Нет, мы так делать не будем. Мы народ честный: что думаем, то и говорим. Если баба уже с кем-то спала, то говорим – худой баба. Если много с кем спала – то совсем худой баба. А разве не так? Если песцу шкурку попортил одной дыркой от пули – это худой песец. А, если несколько дыр от пуль – это совсем худой песец. А так охотиться нельзя. В глаз надо бить, чтобы шкурку не попортить.

Лучше всех у нас в глаз бил Лешка Николаев. Конечно, Лешка Николаев мы его зовем так, чтобы легче было говорить. А так он Кусок мороженого моржового мяса. Его деда так звали, и отца так звали, хотя фамилия у них Николаевы. Когда была паспортизация, то Лешкиного деда поймали в тундре и спросили, как его зовут и как его фамилия. Он им так гордо говорит – Лахтуууанынуанг – Кусок, значит, мороженого моржового мяса. В нартах всегда был такой кусок, потому его так и прозвали. Паспортизаторы несколько раз его переспрашивали, пытались Лахтуууанынуанг на бумажке записать, а потом плюнули на это дело и сказали: «Ты Васька Николаев» и дали паспорт. Листочки от паспорта дед ножом нарезал на полоски и смешал с табаком, а потом скурил. Плохой, говорит, листовой табак. Паспорт он свой потерял, а когда надо было куда-то идти, в сельсовет ли, или в больницу, то брал паспорт жены.

Так вот, с Лешкой-то Николаевым и приключилась эта беда. Охотник он был знатный. Без добычи никогда не возвращался, и никогда не промахивался. Попались ему в тот раз два зайца. Сидят рядком и беседуют ладком. И Лешку не видят. А у него кухлянка с проседью, как и усы его, почти седые, а у рта так совсем желтые, от табака. Чего-то он в табак добавляет, чтобы крепкий был, а вот усы тоже здорово красит.

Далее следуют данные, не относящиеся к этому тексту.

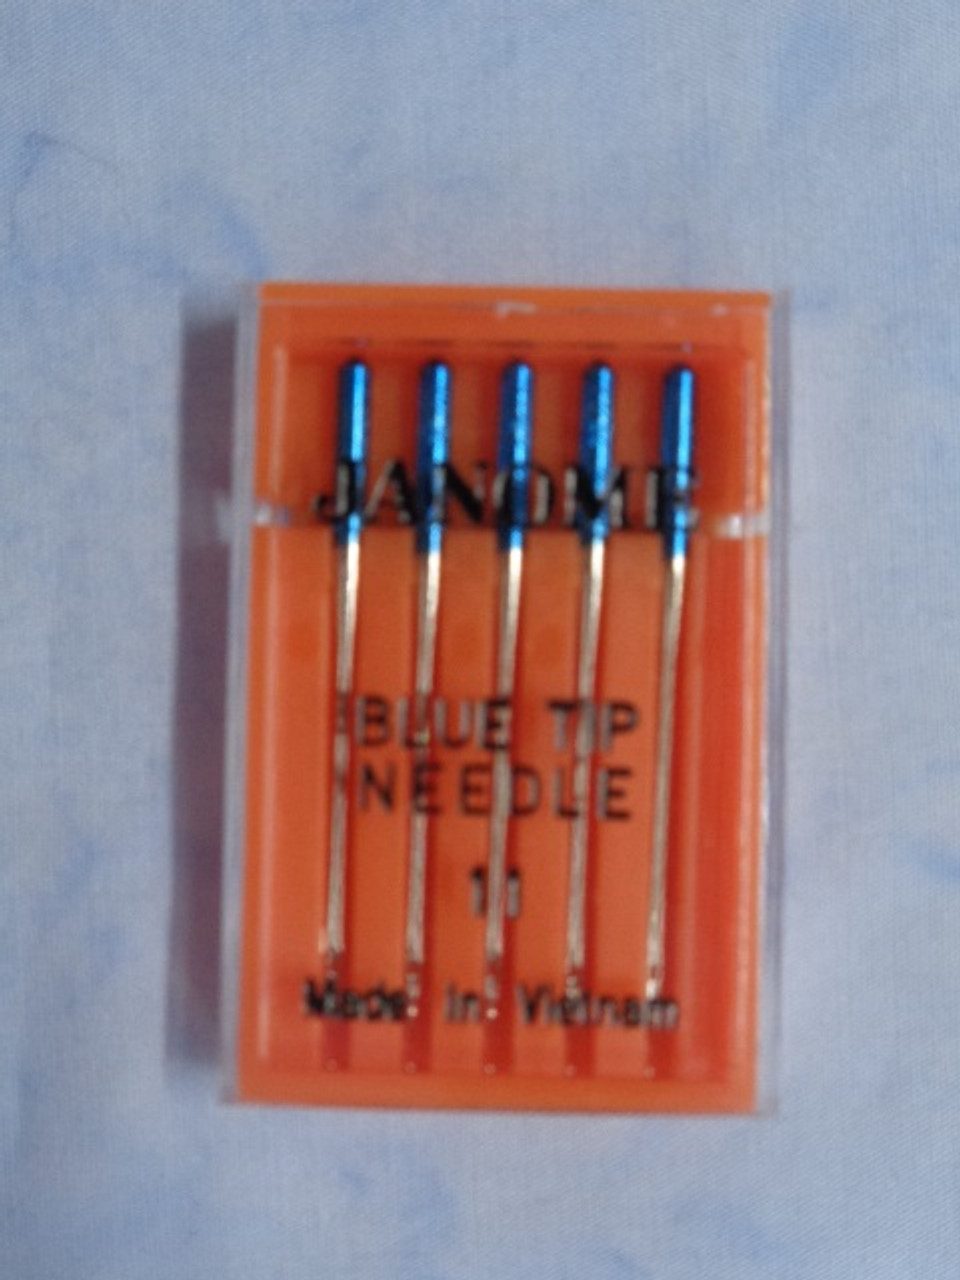 Janome Needle Blue Tip 11 - Sew Many Stitches
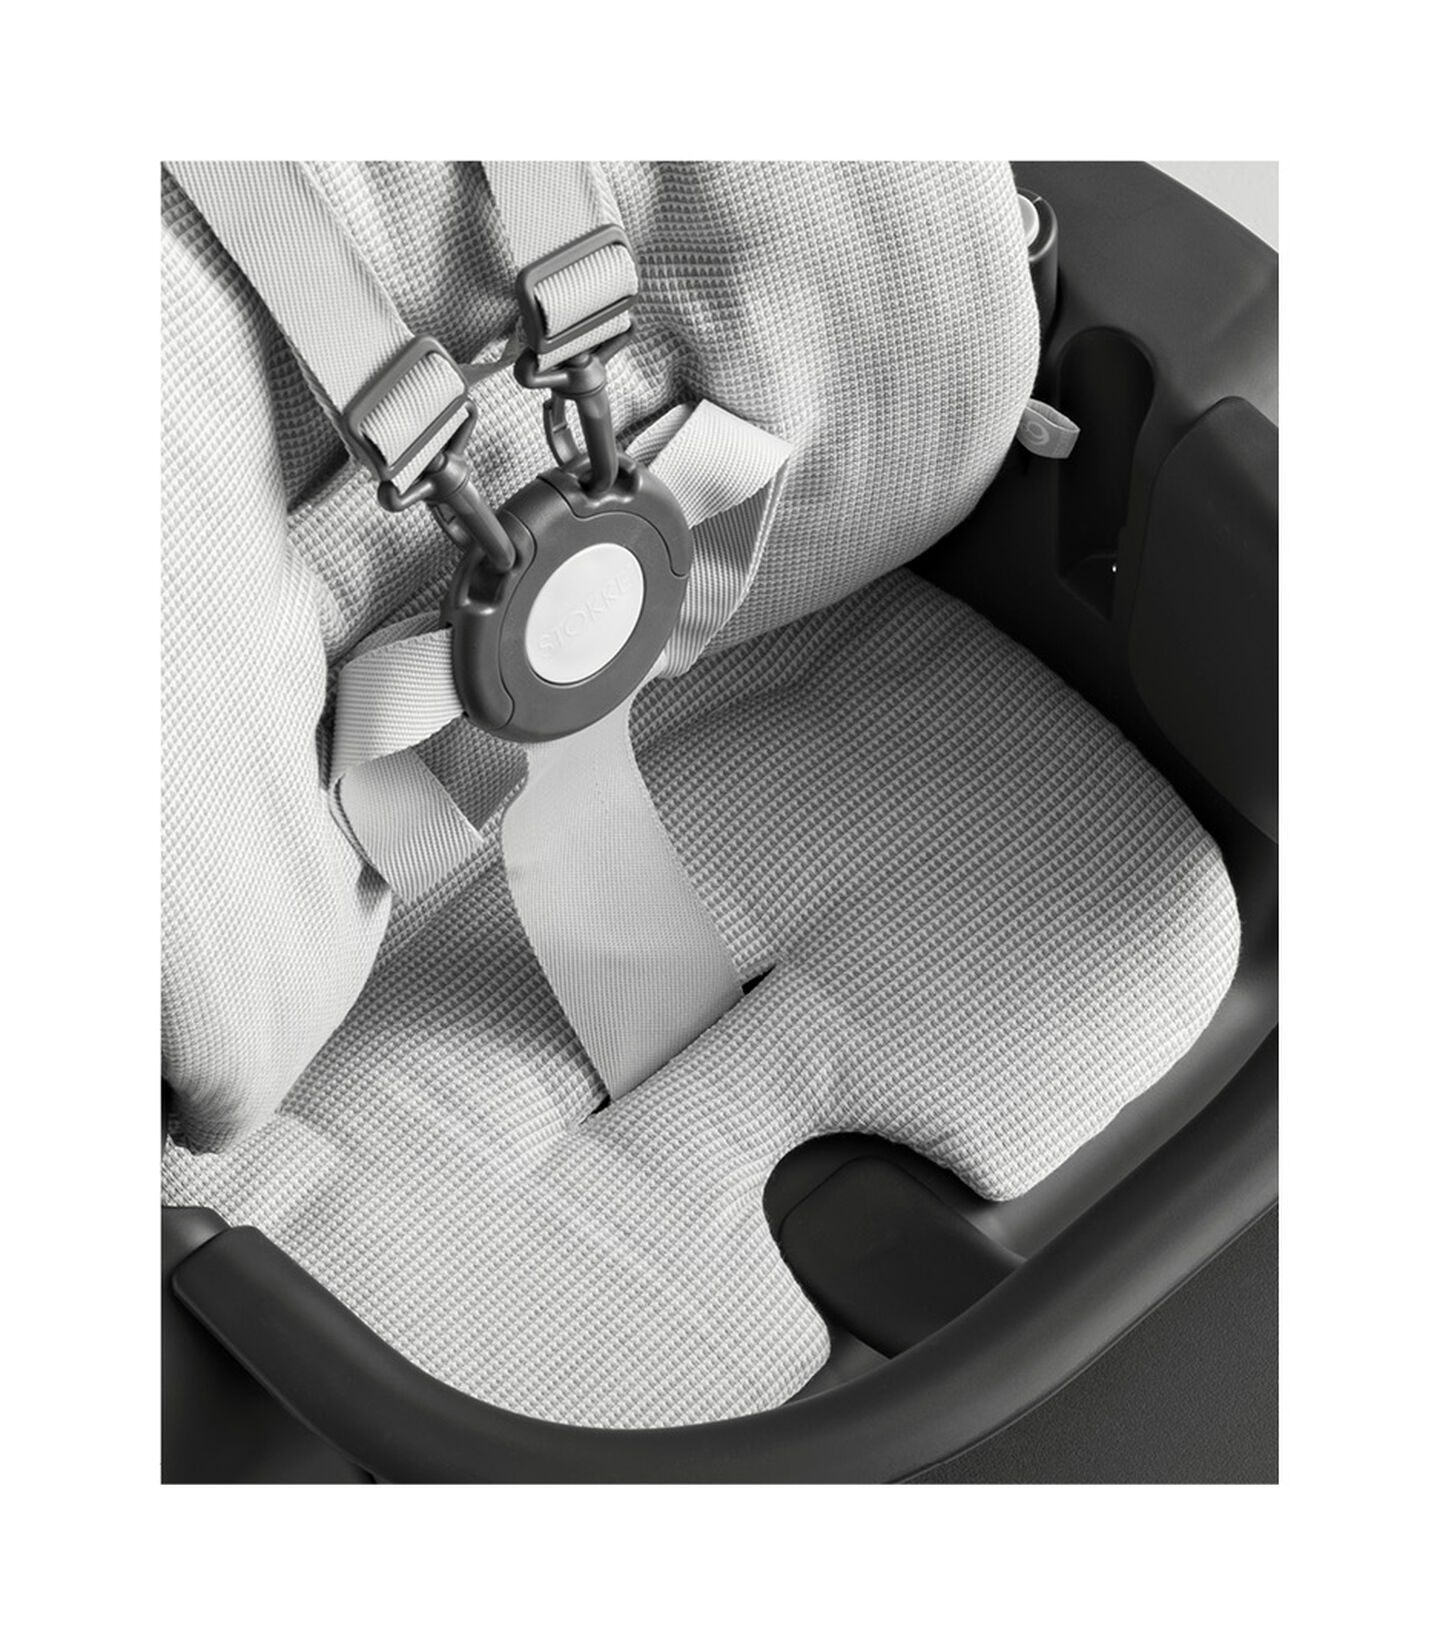 Подушка к комплекту-вставке для малыша Stokke® Steps™ Nordic Grey (цвет Скандинавский серый), Nordic Grey / Скандинавский серый, mainview view 4

Сидит Лешка и на зайцев смотрит. Решил он великим охотником стать, чтобы, значит, двух зайцев одним выстрелом уложить. С одной стороны зашел – не так. С другой стороны зашел – тоже несподручно двоих-то сразу. Наконец, нашел удобное место. Поднял винтовку, прицелился, только начал нажимать на курок, а зайцы в разные стороны и разбежались. Посмотрел Лешка на них сразу одновременно, и у него глаза разбежались в разные стороны. Чтобы вперед посмотреть, надо голову либо в одну, либо в другую сторону поворачивать.

Смотрим, по деревне Лешка идет без добычи и плачет. И не пьяный. Кто же его так разобидеть мог? Лешка сам разобидит, кого хочешь, а потом еще и к жене сходит.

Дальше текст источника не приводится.